> _DATA SECTION_
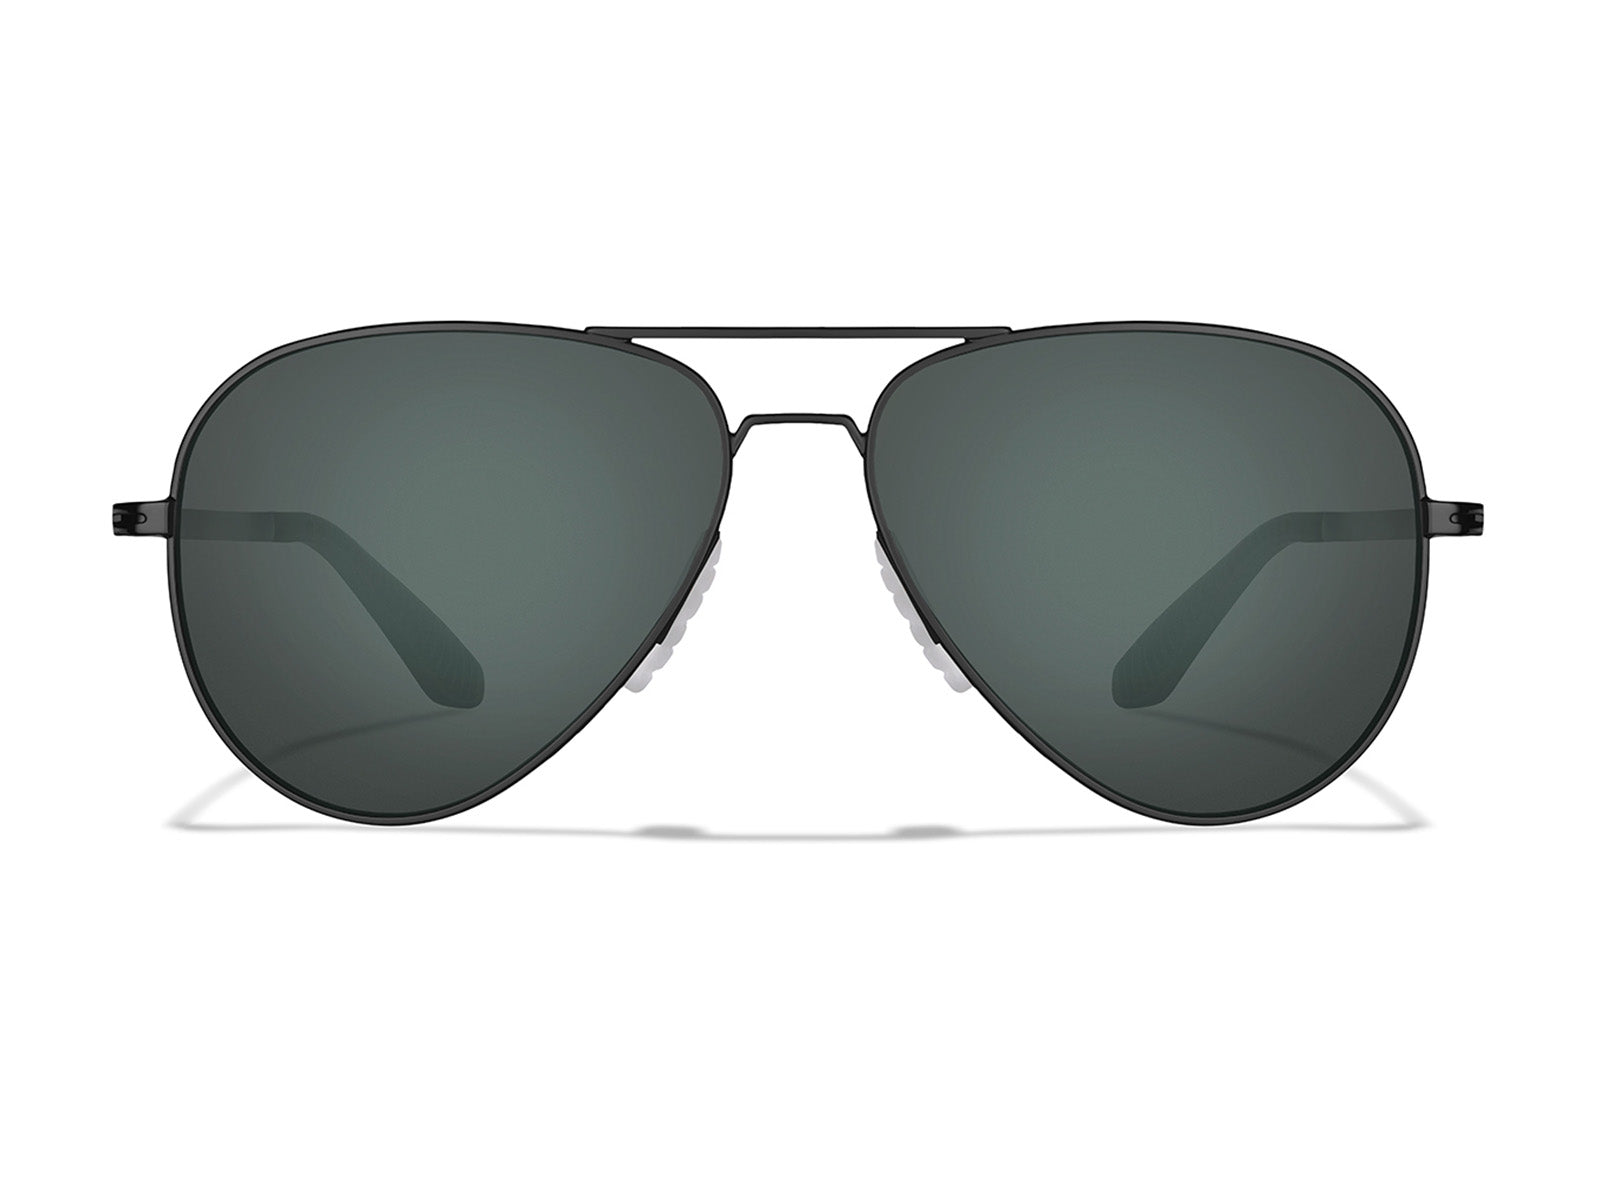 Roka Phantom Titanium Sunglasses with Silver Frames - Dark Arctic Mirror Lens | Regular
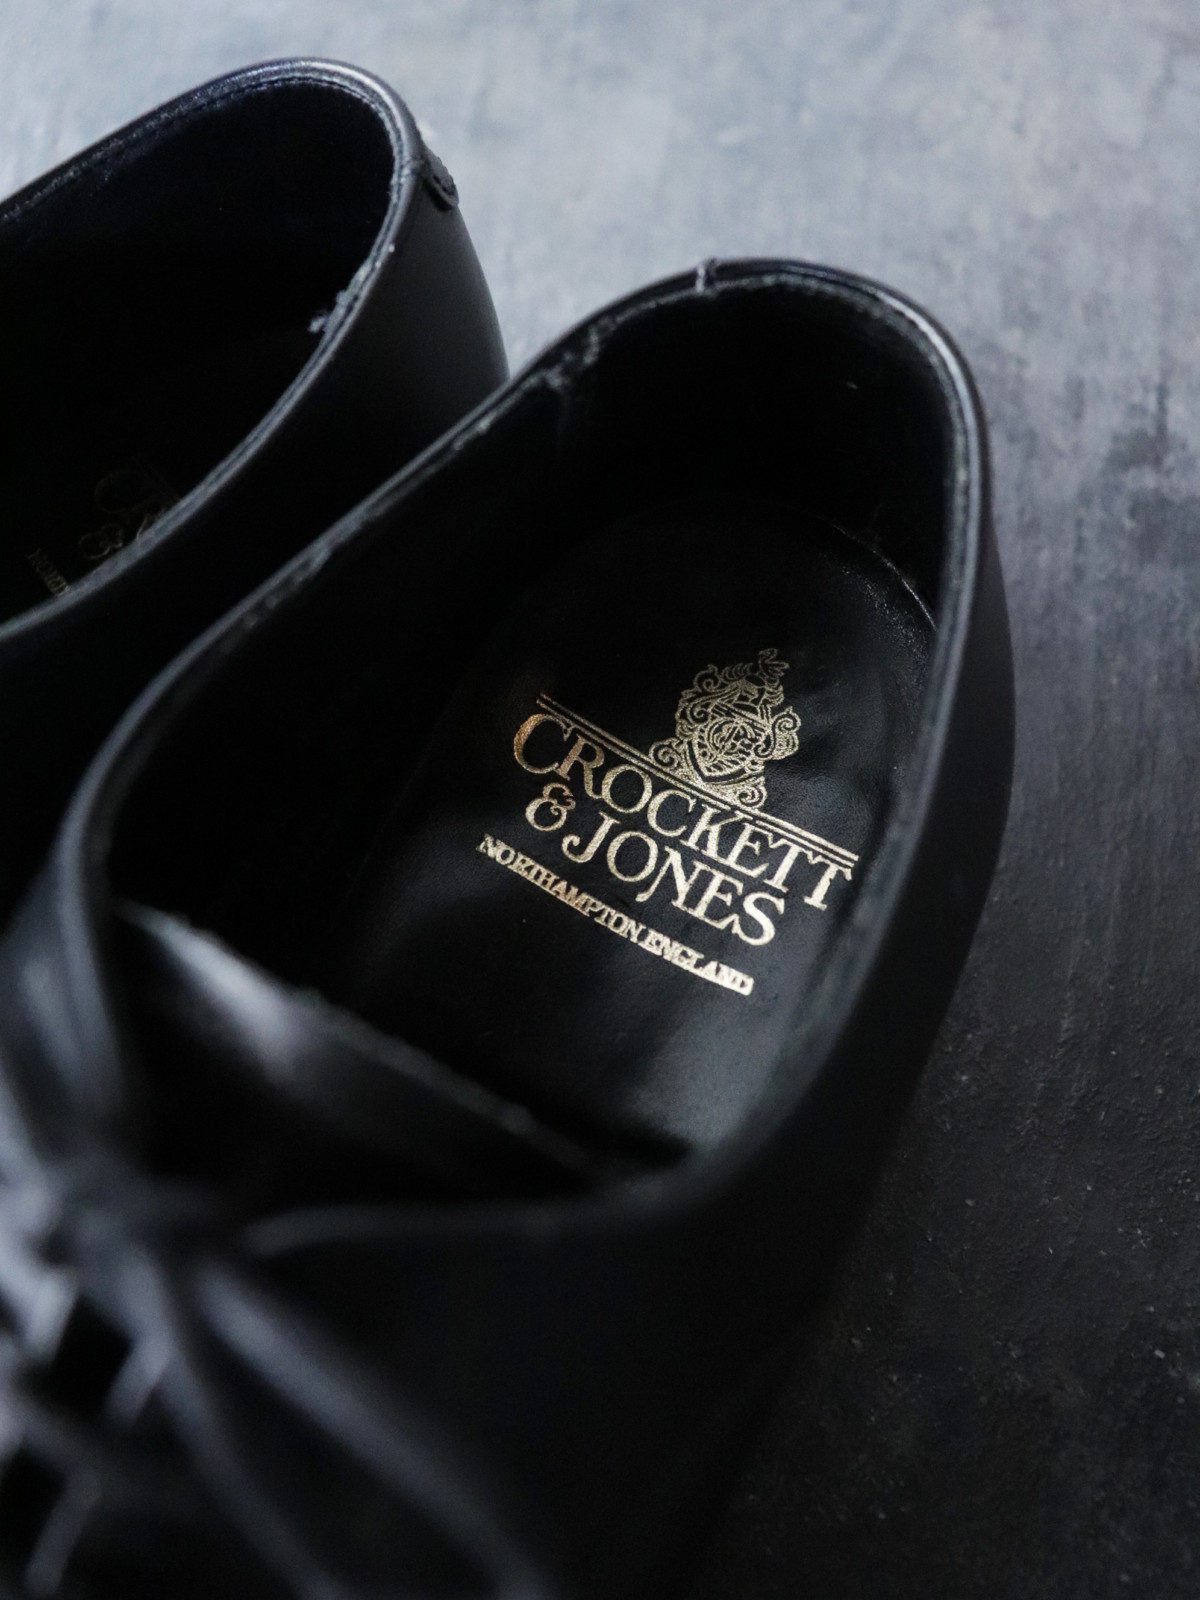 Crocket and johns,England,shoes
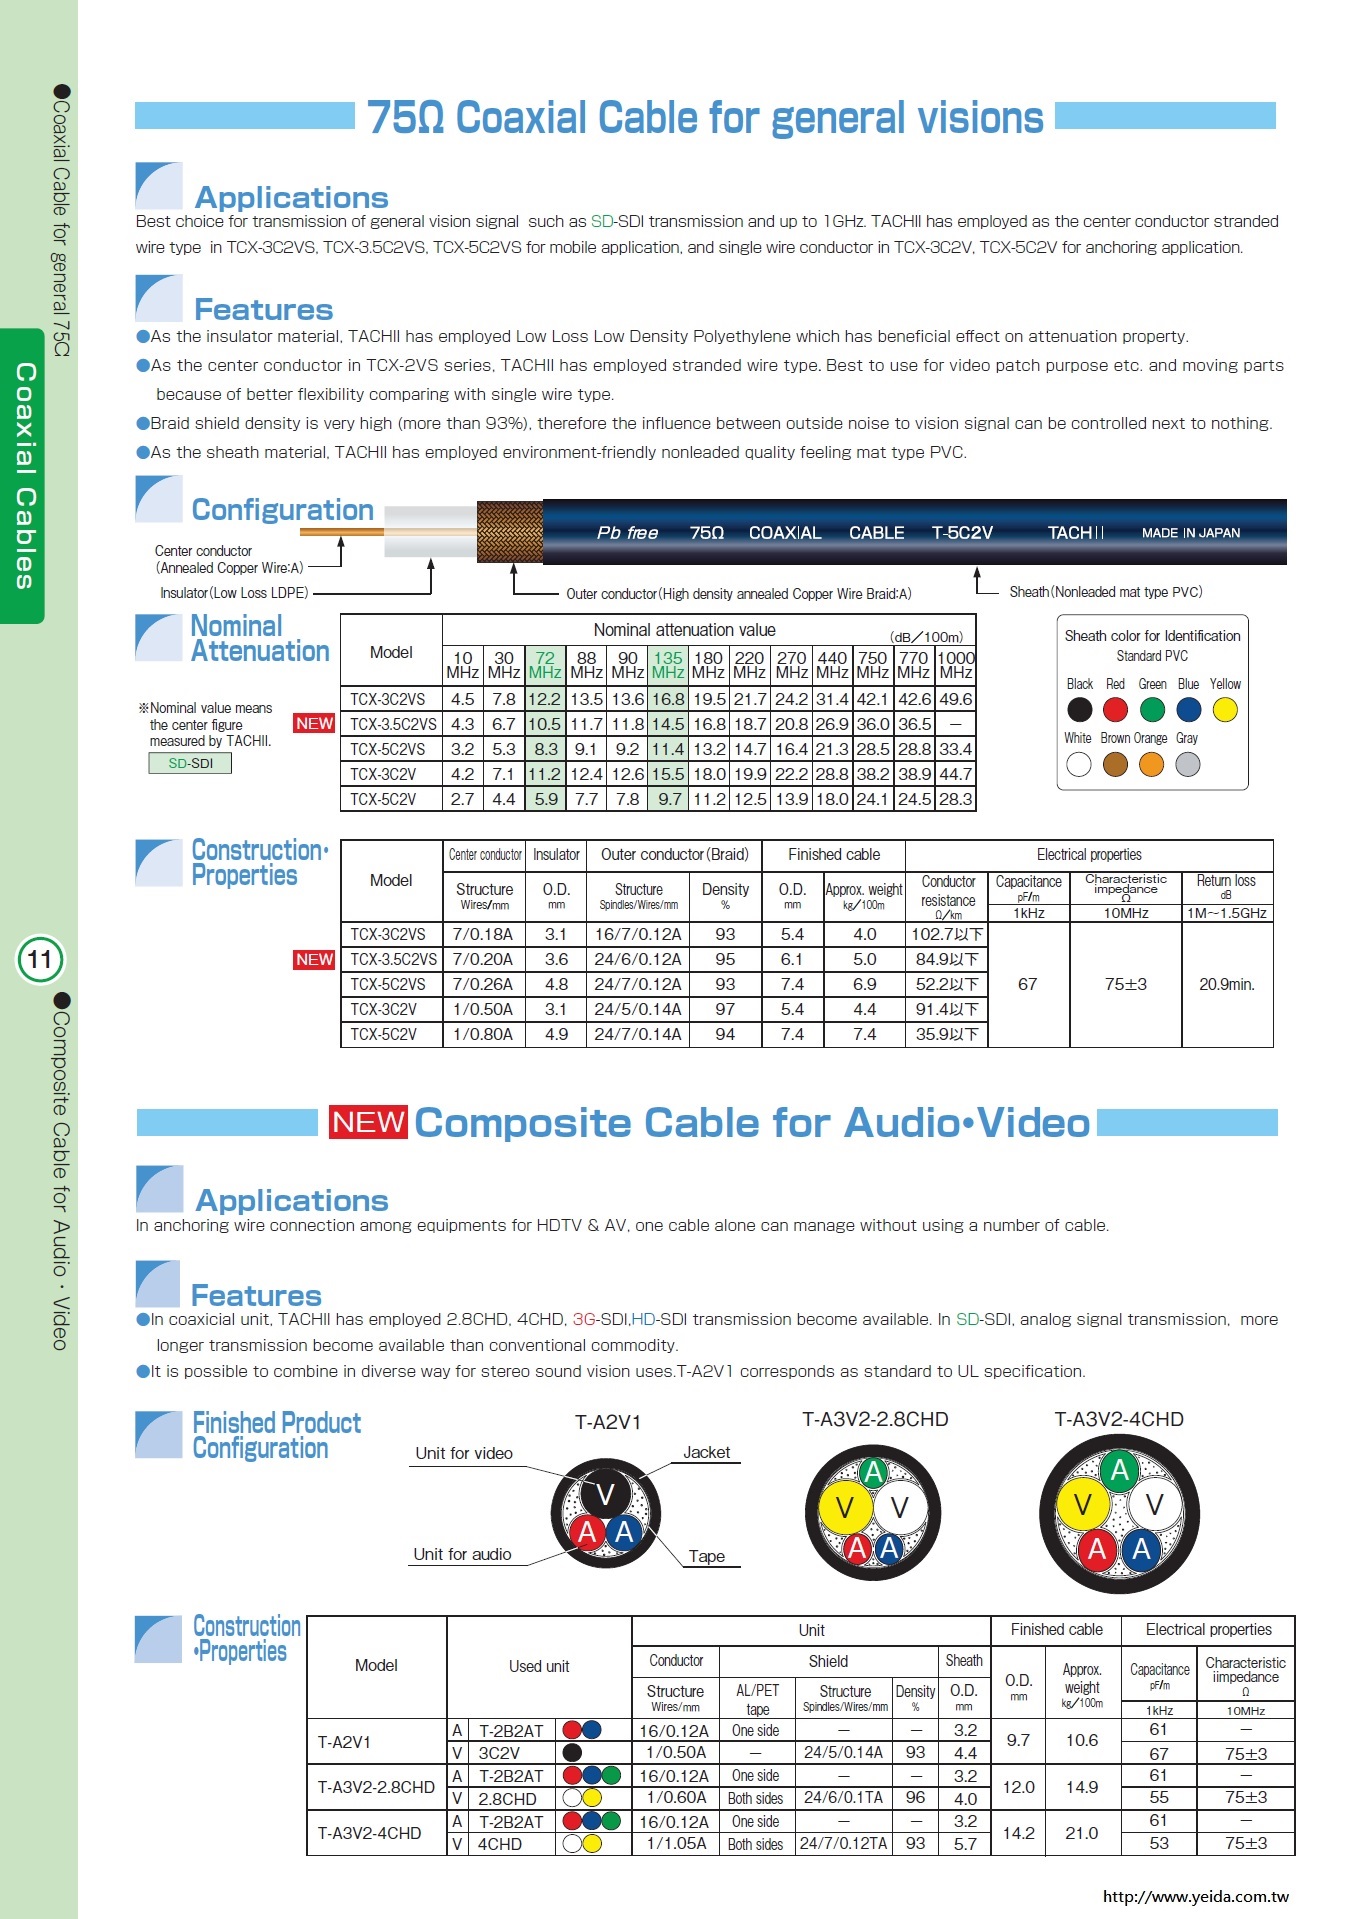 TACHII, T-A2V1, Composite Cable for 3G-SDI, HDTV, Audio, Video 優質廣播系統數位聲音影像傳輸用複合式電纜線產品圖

> _YOUR INSTRUCTIONS_
Write out the lines of the material from the one containing "Crocket and johns,England,shoes" through the last, exactly and only those. Leave every picture out.

> _SOLUTION FOR THIS TASK_
 Crocket and johns,England,shoes
 TACHII, T-A2V1, Composite Cable for 3G-SDI, HDTV, Audio, Video 優質廣播系統數位聲音影像傳輸用複合式電纜線產品圖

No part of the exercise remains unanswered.